ACTIVITY
With the images removed, repeat the data below exactly.

───── SUPPLIED MATERIAL

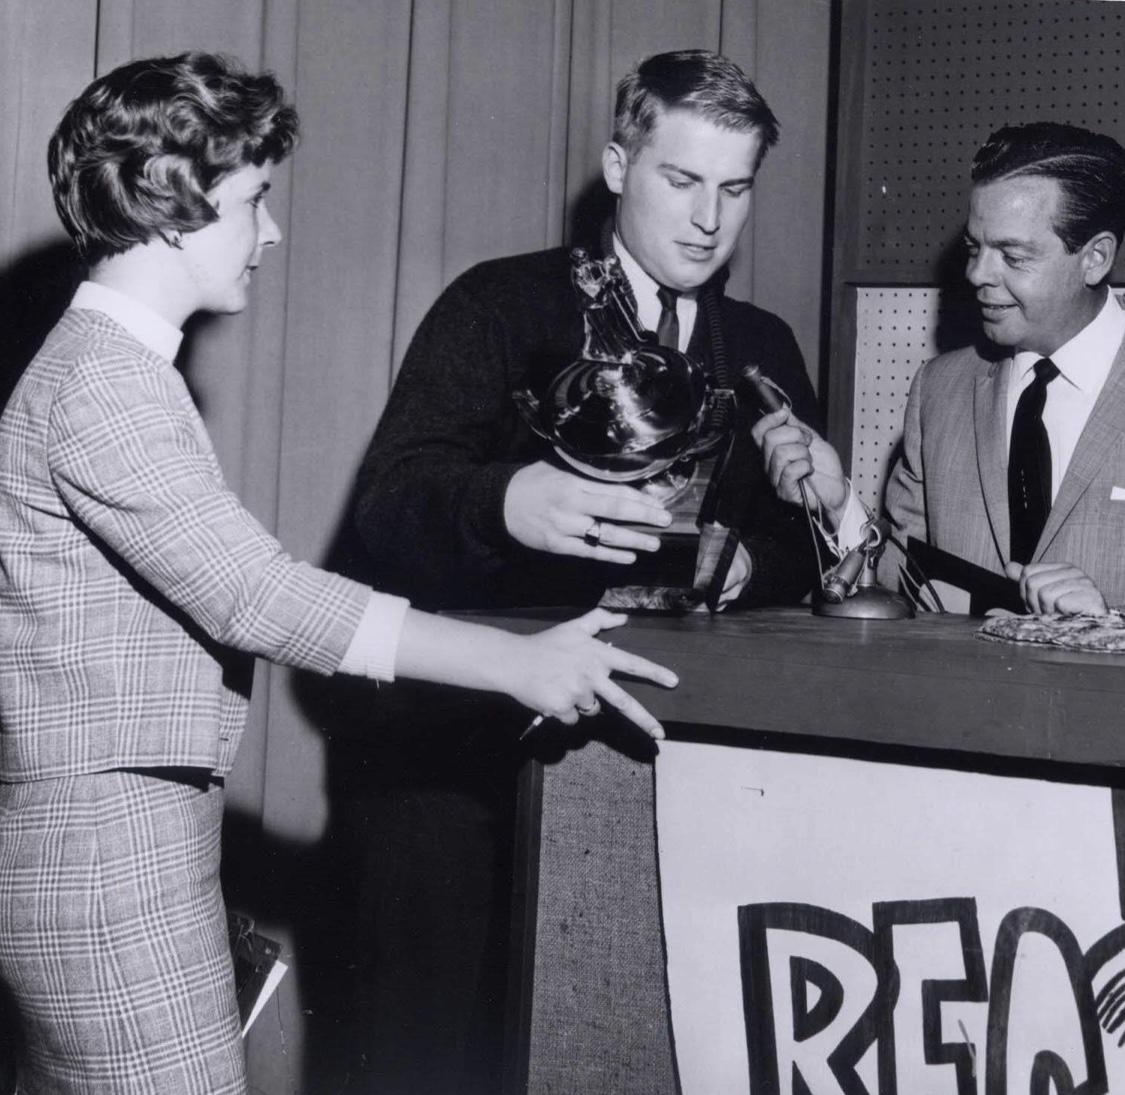 Longtime KNTV NBC Bay Area Employee Celebrates 60 Years at
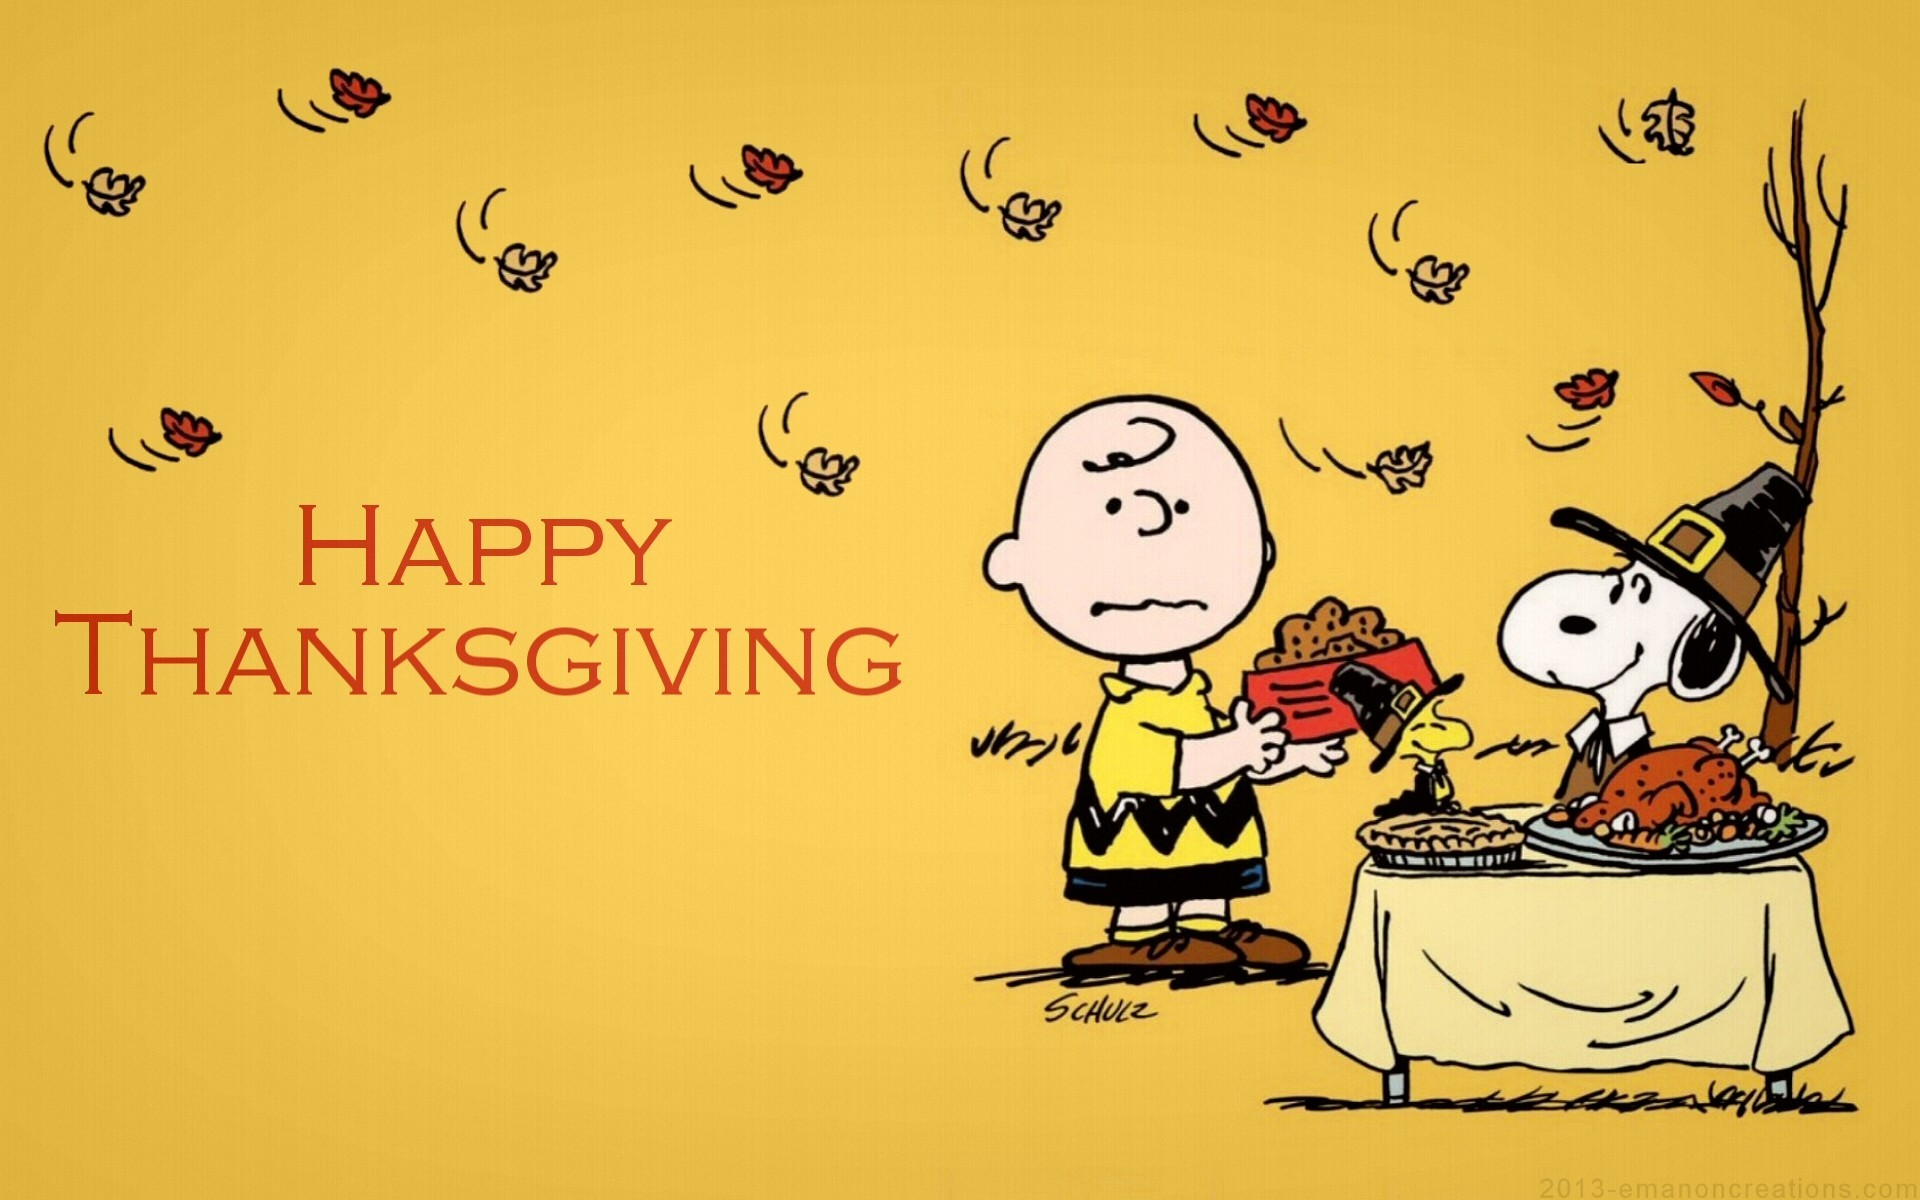 Backgrounds For 800 Disney Thanksgiving Wallpaper Backgrounds - Happy Thanksgiving Charlie Brown - HD Wallpaper
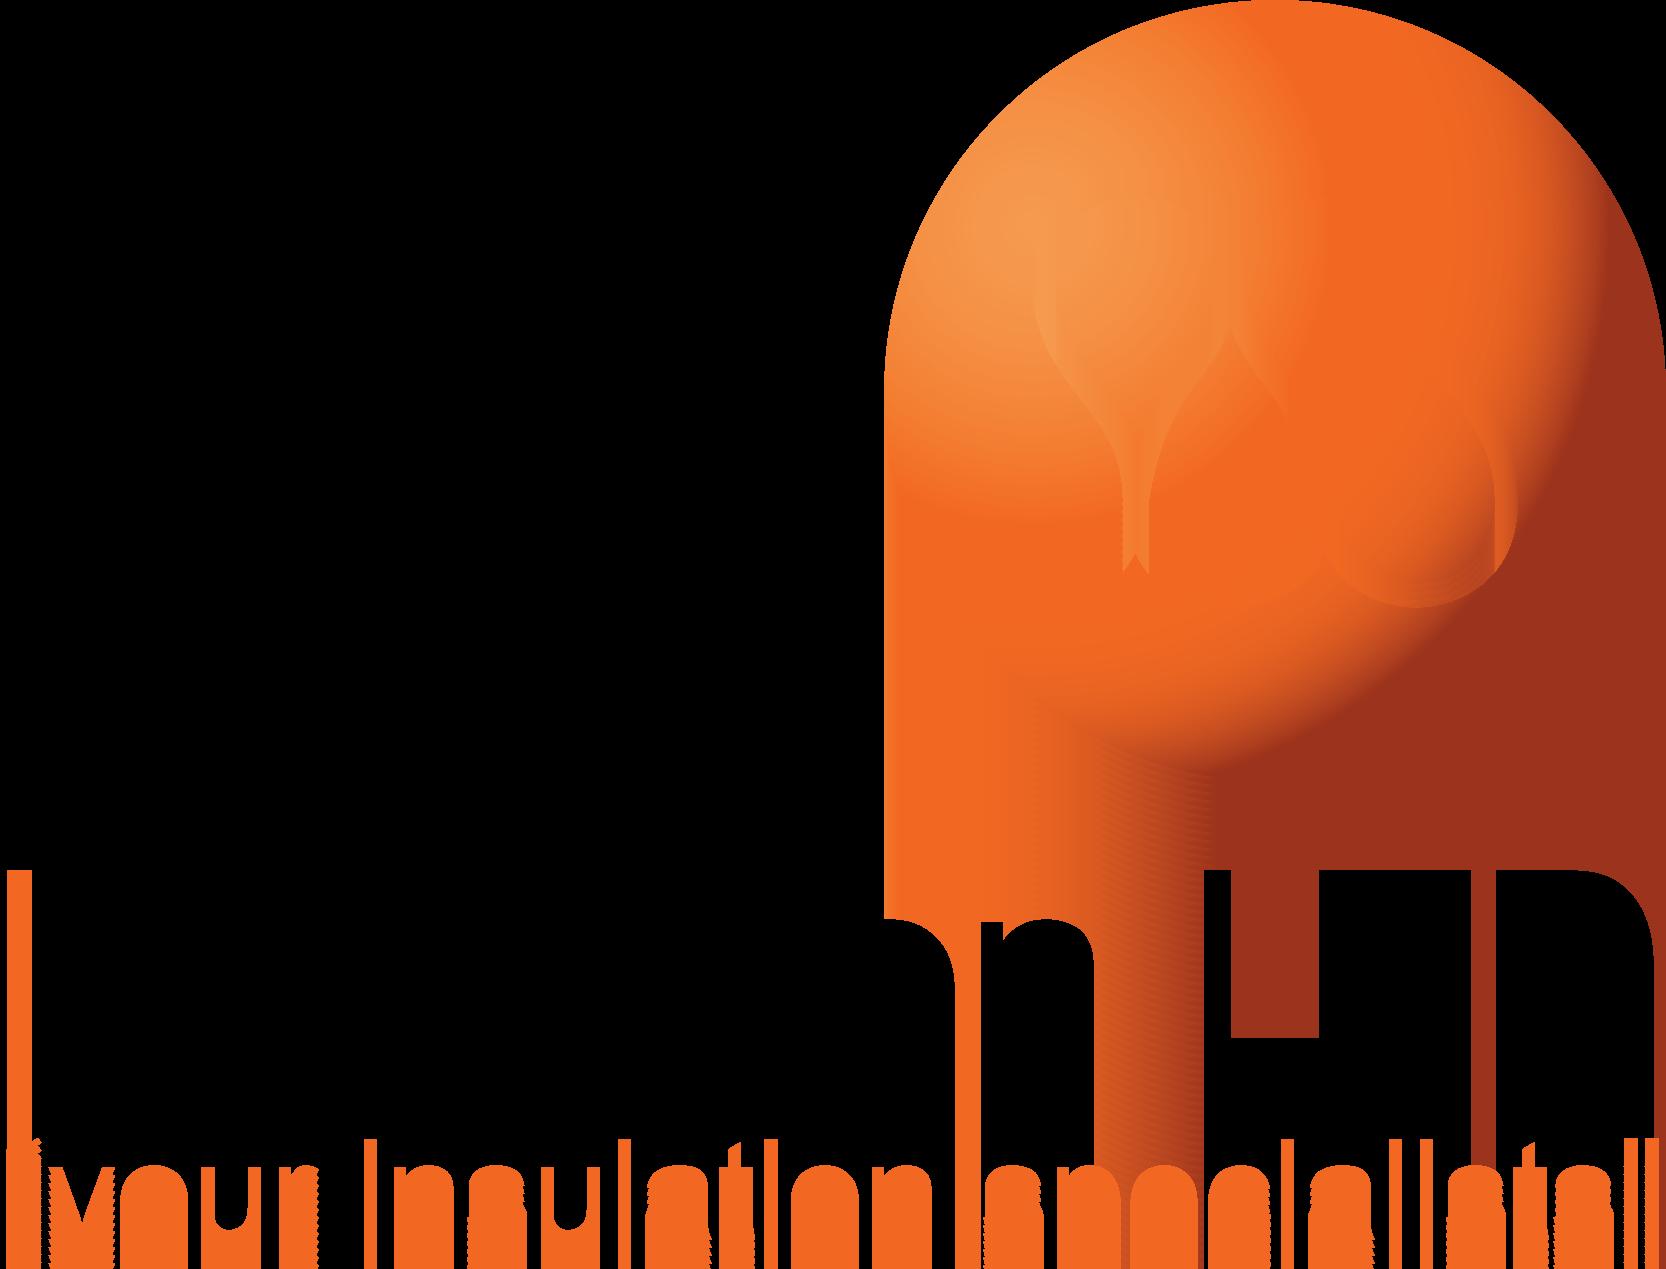 Control Insulation

──────────

RESULT FOR THIS EXERCISE
 Longtime KNTV NBC Bay Area Employee Celebrates 60 Years at
 Backgrounds For 800 Disney Thanksgiving Wallpaper Backgrounds - Happy Thanksgiving Charlie Brown - HD Wallpaper
 Control Insulation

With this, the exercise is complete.